Sage of Underwood

Sage of Underwood
(with new Preface 2024)

 

Angel Applicant

In 1939, Klee composed twenty-nine works that feature angels, having in earlier years only sporadically depicted them. His angels were not the celestial kind but hybrid creatures beset with human foibles and whims. Klee’s angels are ‘forgetful,’ ‘still female’, ‘ugly,’ ‘incomplete,’ or ‘poor’—as the titles he gave these pictures indicate… Suffering from an incurable illness and sensing himself hovering between life and death, Klee possibly felt a kinship with these outsiders. 

Klee’s angel pictures are personal records of his condition (scleroderma), which at times speak of hopelessness, but also of confidence, and above all of an awareness of transition and gradual disengagement from life.
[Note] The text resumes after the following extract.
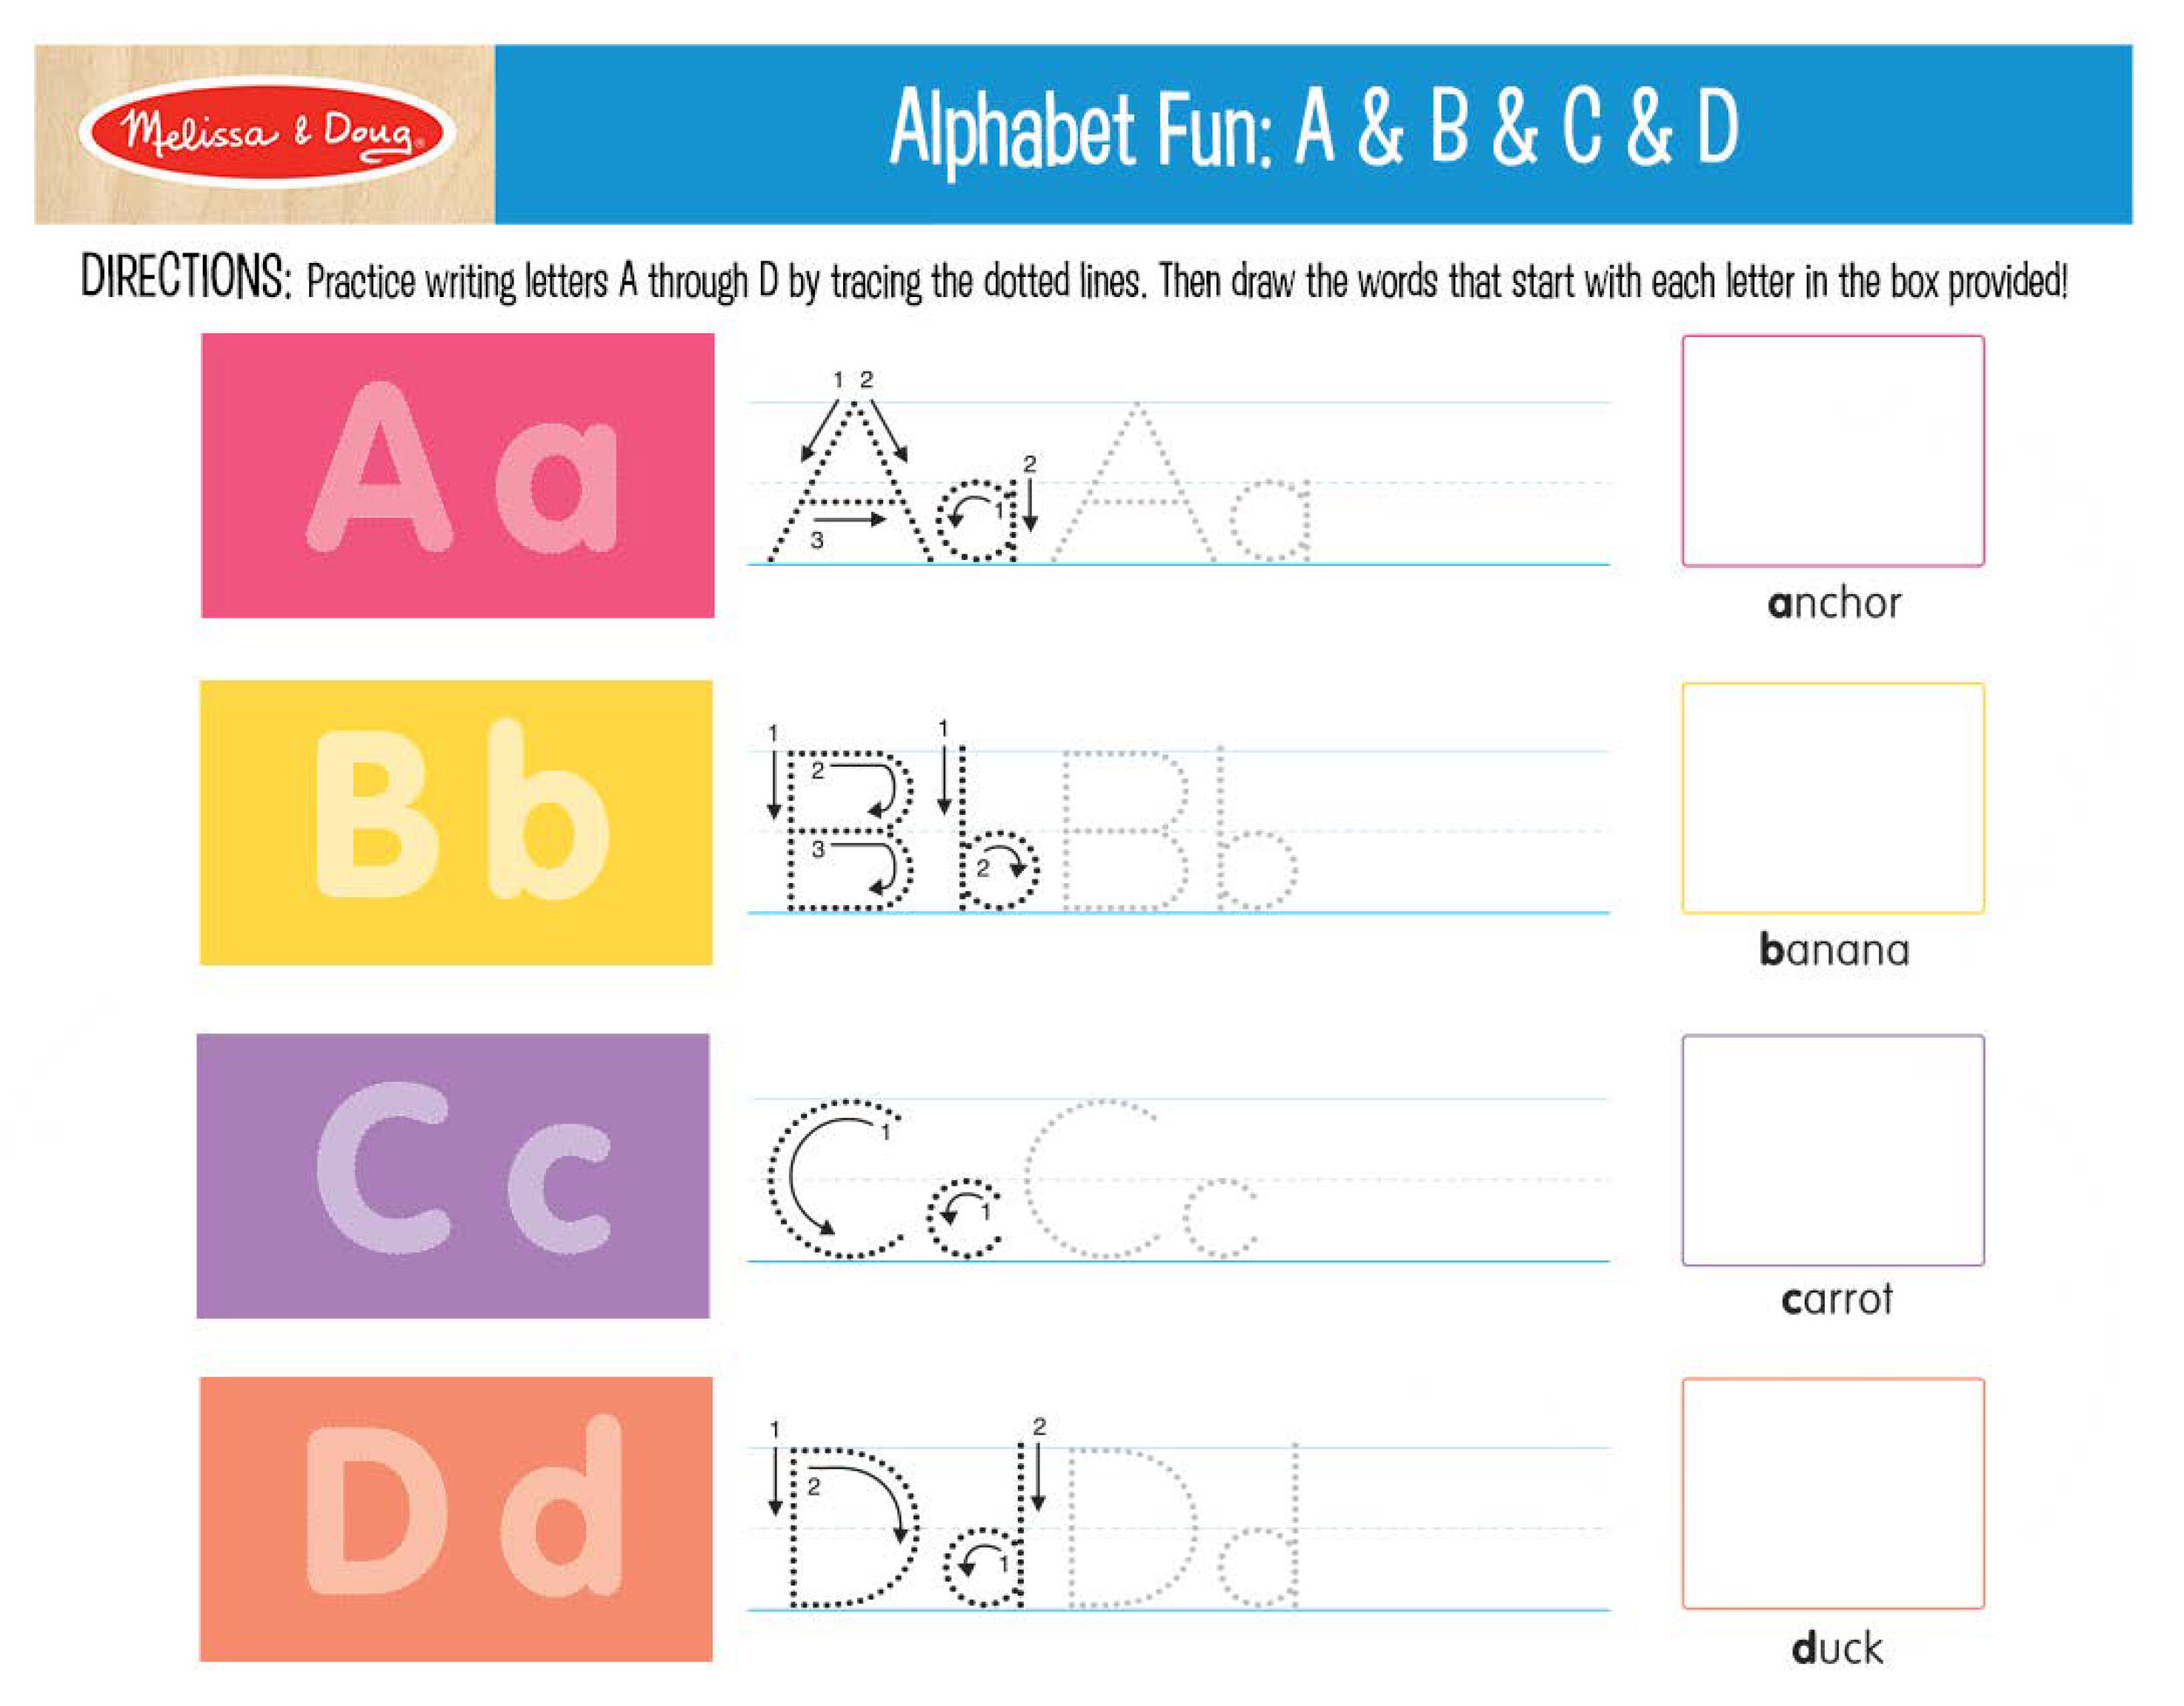 Printable_AlphabetFun-ABCD.jpg

Klee suffered from an incurable skin condition of what I have elsewhere called the ineluctable body. Our bodies can be subject to all manner of intractable illnesses, symptoms and yet remain impervious to any psychological interpretation that may assist in the cure. We need to consult a third party who can treat the illness purely from a physical or technological standpoint, a peculiar fact that did not escape C. G. Jung:

[O]n the one hand consciousness has so exceedingly little direct information of the body from within, and that on the other hand the unconscious (i e , dreams and other products from the “unconscious”) refers very rarely to the body and, if it does, it is always in the most roundabout way, i e , through highly “symbolized” images. For a long time I have considered this fact as negative evidence for the existence of a subtle body or at least for a curious gap between mind and body. Of a psyche dwelling in its own body one should expect at least that it would be immediately and thoroughly informed of any change of conditions therein. Its not being the case demands some explanation.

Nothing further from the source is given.